SEC Settles Another Market Crisis Financial Fraud Action
The Commission resolved another financial fraud action stemming from the aftermath of the market crisis. This proceeding, initially brought in June 2014, named as a Respondent Thomas Neely, Jr., and E.V. P. of Regions Bank. In the Matter of Thomas A. Neely, Jr., Adm. Proc. File No 3-15945 (June 25, 2014).
Mr. Neely was in the risk management credit division. The Order alleged that in the first calendar quarter of 2009 the special asset department initiated procedures to place about $168 million of commercial loans into non-accrual status. Mr. Neely circumvented the banks controls and, without supporting documentation, took steps to keep the loans in accrual status. His actions, which evaded the bank’s controls, prevented Regions from appropriately measuring impairment in accordance with GAAP.
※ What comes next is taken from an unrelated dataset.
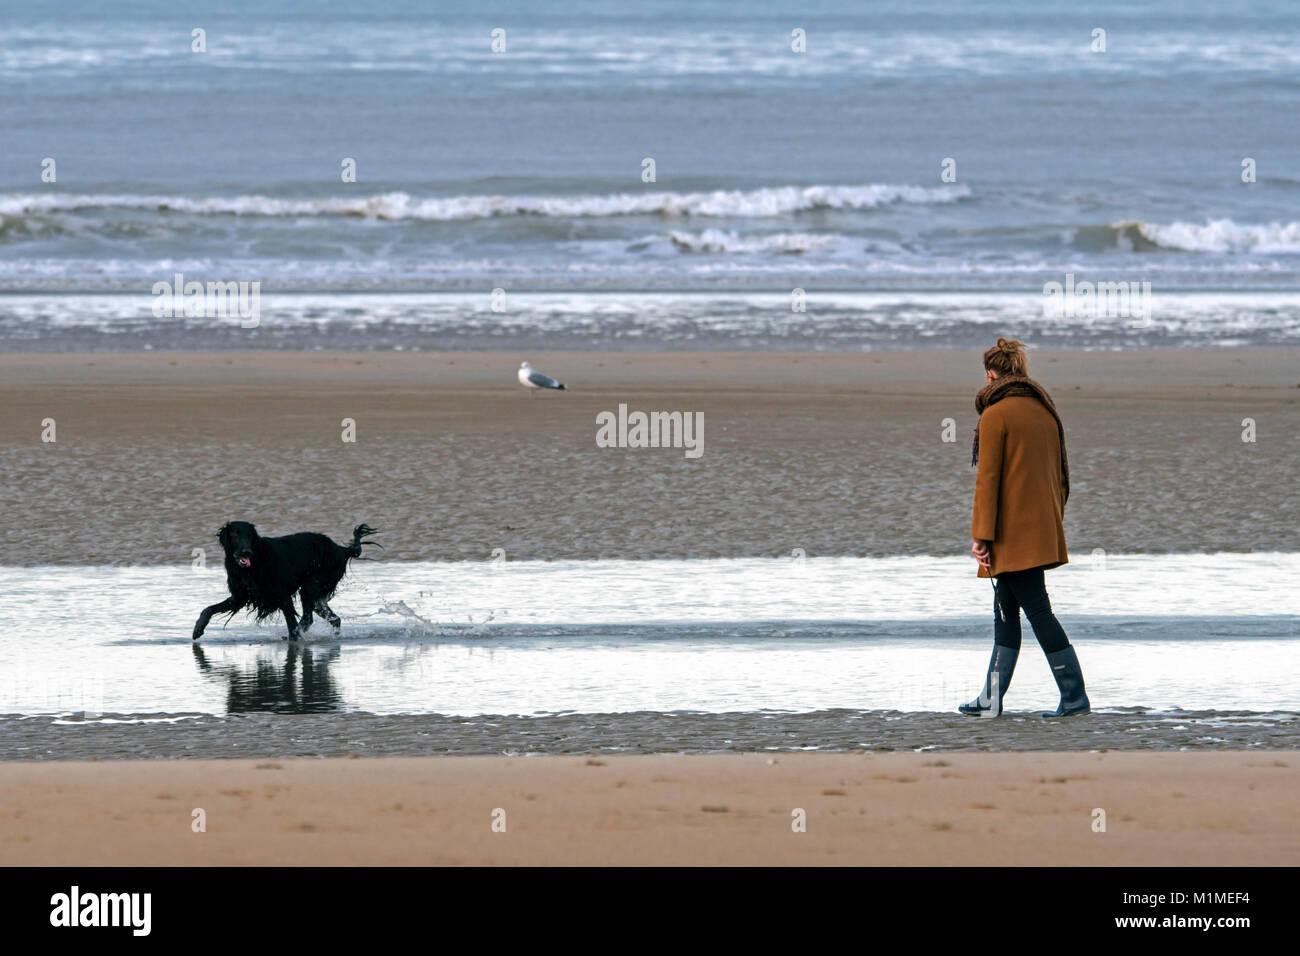 Einsame Frau Wandern auf einsamen Sandstrand mit verspielten schwarzen Hund läuft durch das Wasser entlang der Nordseeküste im Winter Stockfoto

As a result, according to the Order, Regions failed to maintain a system of internal accounting controls sufficient to provide reasonable assurances that the loans were recorded as necessary to permit preparation of financial statements in conformity with GAAP. The bank also failed to keep books, records and accounts in reasonable detail, which accurately and fairly reflected the loans. Since those books, records and accounts were incorporated into Regions’ consolidated financial statements for the quarter ended March 31, 2009, the income before taxes for that quarter was overstated by $16 million and net income was overstated by $11 million. Earnings per share were overstated for the quarter by $0.02 per share. Those results were incorporated into filings made with the Commission. The Order alleged violations of Securities Act Section 17(a) and Exchange Act Sections 10(b) , 13(a), 13(b)(2)(A), 13(b)(2)(B), 13(b)(5) and 20(b).
Mr. Neely resolved the charges after initially contesting them, consenting to the entry of a cease and desist order based on the Sections cited in the Order. In addition, he agreed to the entry of an officer and director bar for a period of five years and will pay a civil penalty of $100,000.
Previously, the Commission settled with two other bank officers. In that proceeding the Order named as Respondents Jeffrey C. Kuehr, E.V.P of Regions’ Bank risk management credit division and Michael J. Willoughby, a senior EVO and Regions’ CCO. The Order alleged violations of the same Sections as the Order regarding Mr. Neely. Messrs. Kuehr and Willoughby each consented at the time the action was filed to the entry of a cease and desist order based on the Sections cited in the Order. Each man also agreed to the entry of an order barring them from serving as an officer or director of a public company for five years. In addition, each Respondent will pay a penalty of $70,000. In the Matter of Jeffrey C. Kuehr, Adm. Proc. File No. 3-15946 (June 25, 2014)
The bank entered into a deferred prosecution agreement, in recognition of its cooperation and extensive remedial undertakings. It will also payed a penalty of $26 million that will be offset provided it pays a $46 million penalty assessed by the Federal Reserve. The bank will pay a $5 million penalty to the Alabama Department of Banking.